TP53 mutations are mainly seen in non-endometrioid endometrial cancers (90 %). 10–20 % of endometrioid cancers (mainly grade 3) also exhibit these mutations [3, 30]. TP53 is a tumor suppressor gene located in chromosome 17 (locus 17p13.1). This gene encodes a phosphoprotein called TP53, which participates in cell cycle regulation, DNA repair systems, and apoptosis [11]. Loss of its normal activity prevents apoptosis and promotes tumor progression [31]. An increase in P53 expression from the normal endometrium to hyperplasia through to endometrial carcinoma has been demonstrated by Horee et al., suggesting a possible role in disease progression [32]. Overexpression of TP53 was found to be correlated with advanced stage, lymph node metastases, and high-grade endometrial cancers [33].

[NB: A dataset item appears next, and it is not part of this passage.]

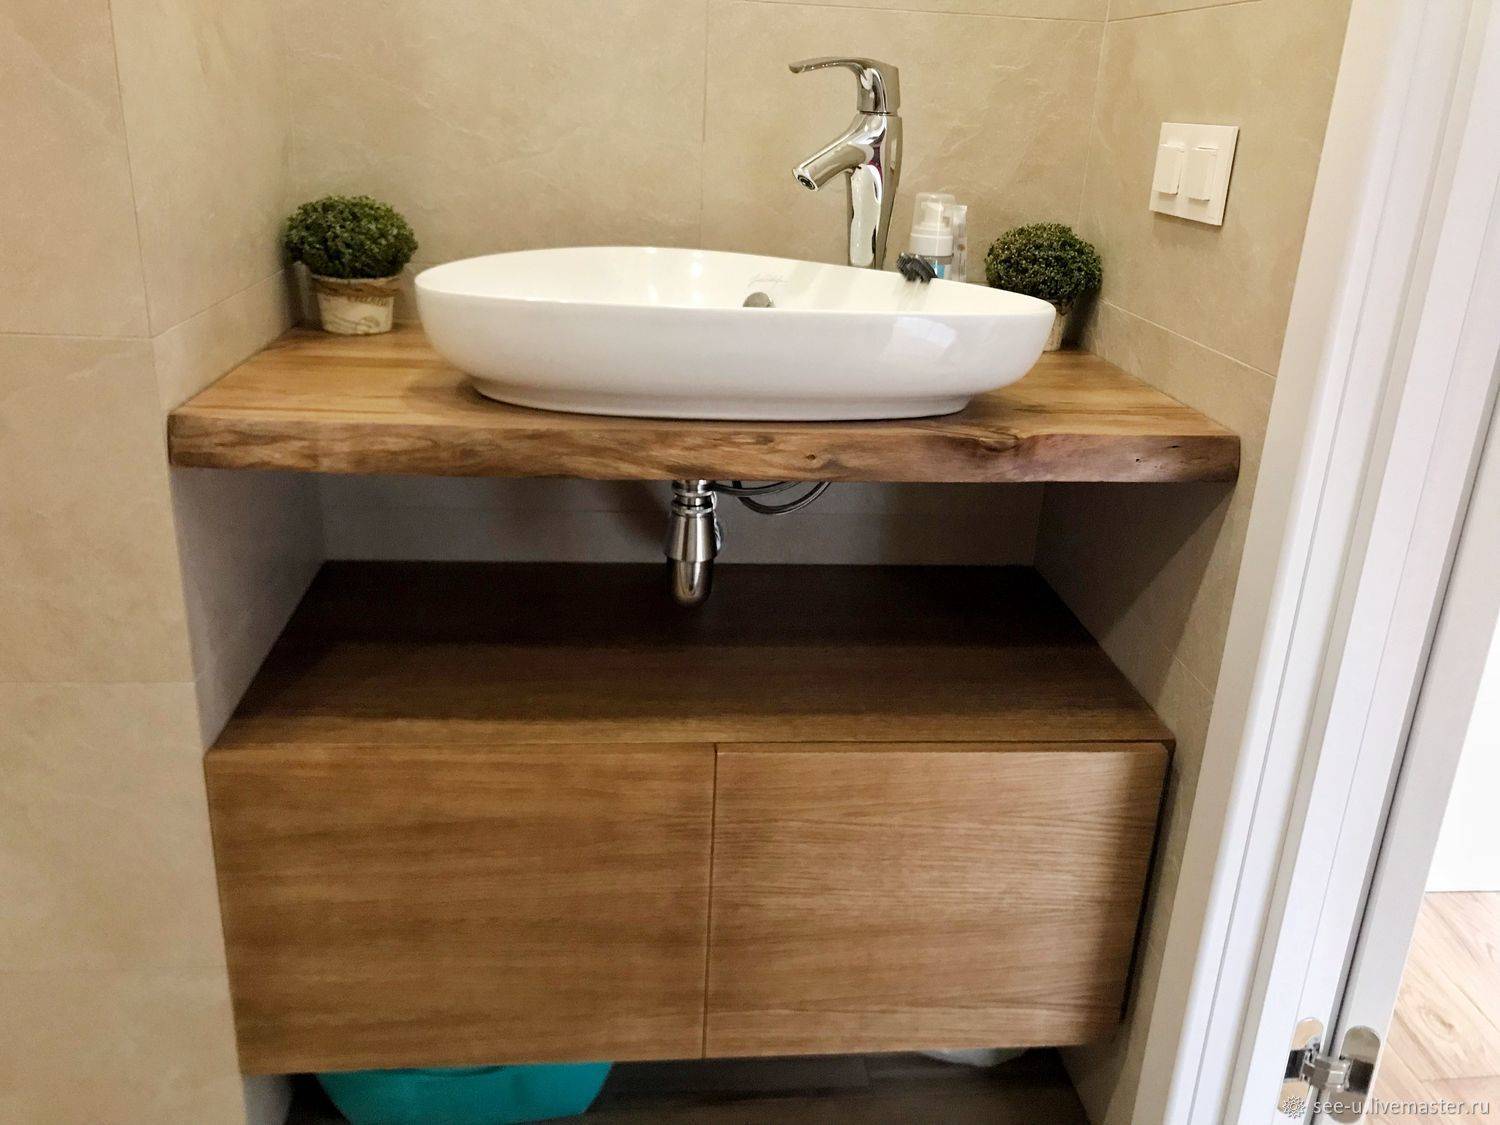 Столешница в ванной: интересный интерьер и лишняя поверхность
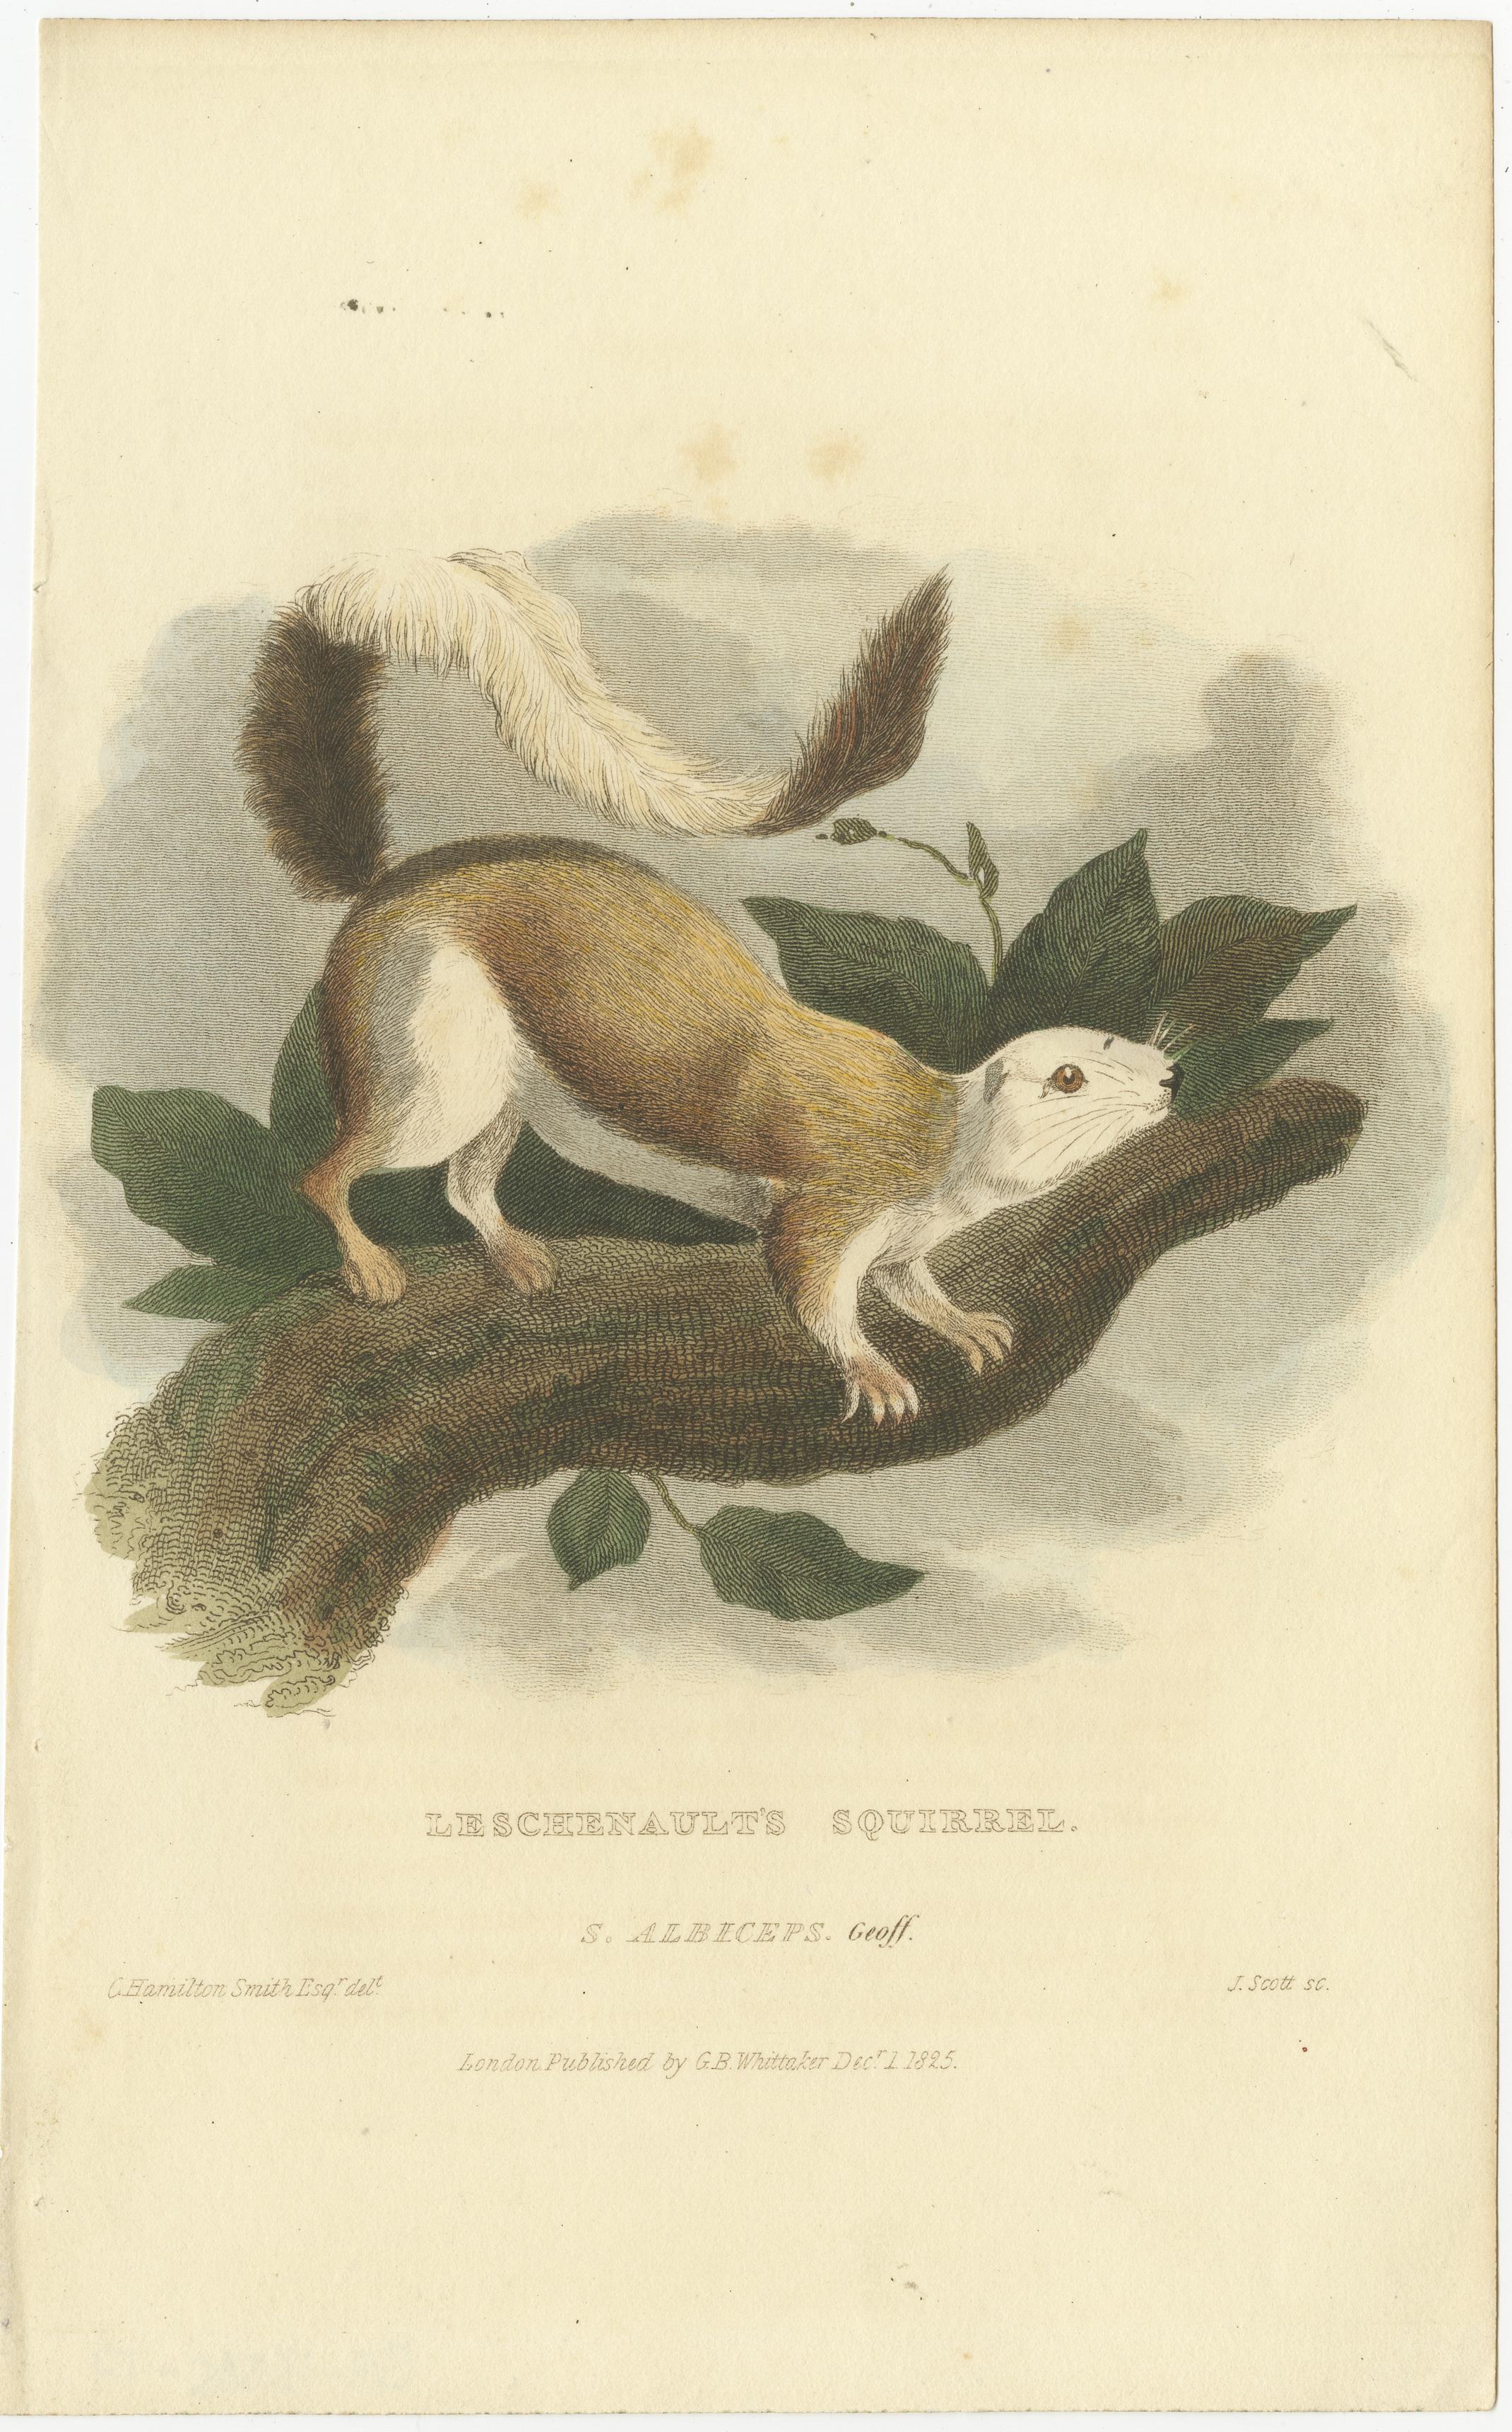 Cette estampe représente l'écureuil de Leschenault, également connu sous le nom de Sciurus albiceps. L'animal illustré n'est en fait pas l'écureuil de Leschenault, mais plutôt l'écureuil géant noir ou écureuil géant malais (Ratufa bicolor), qui est

HER2/neu receptor is a membrane-bound tyrosine kinase receptor, which belongs to the epidermal growth factor receptor family. It plays a role in regulating cell growth and differentiation. HER2/neu gene amplification results in overexpression of the receptors resulting in increasing cell proliferation. The amplification of HER2/neu is seen in a wide variety of malignancies including breast, ovarian, and endometrial [34–36]. In endometrial cancers HER2/neu overexpression is associated with reduced disease-free and overall survival [37]. Increased expression of HER2/neu is found in about 30 % of uterine serous cancers and 10–20 % of high-grade endometrioid cancers. Well-differentiated endometrioid cancers rarely exhibit HER2/neu positivity [12, 38]. Trastuzumab is a monoclonal antibody, which has targeted action against the HER2/neu protein and is being used widely in breast cancer patients who are HER2/neu positive. But trials using trastuzumab in advanced or recurrent HER2-positive endometrial cancers have failed to show benefit [39].

E-cadherin is a transmembrane glycoprotein of the cadherin family, which promotes and maintains cell adhesion. Cadherins are tissue specific and are required for the assembly of cells into solid tissues [12]. Epithelial cells express E-cadherin and its levels are reduced in many carcinomas including breast, lung, prostate, and also endometrial [12, 40]. Reduced E-cadherin expression was more seen in type 2 endometrial cancers and also in those carcinomas with advanced stage [41]. Fifty seven percent of type 2 endometrial cancers demonstrated loss of heterozygosity of E-cadherin gene at 16q22.1 compared to 22 % of type 1 carcinomas [6].

P16 tumor suppressor gene is located on chromosome 9p21 and this encodes for a cell cycle regulatory protein. Inactivation of p16 leads to uncontrolled cell growth. P16 inactivation was seen in 45 % of serous carcinomas and some clear cell cancers [42].

EGFR is a transmembrane tyrosine kinase receptor, whose mutation has been identified in many malignancies. EGFR overexpression has also been identified in uterine serous carcinomas [43]. Overexpression of EGFR is associated with advanced stage and poor prognosis [44]. EGFR antagonists include tyrosine kinase inhibitors like gefitinib, erlotinib, and lapatinib and anti-EGFR monoclonal antibody cetuximab[42].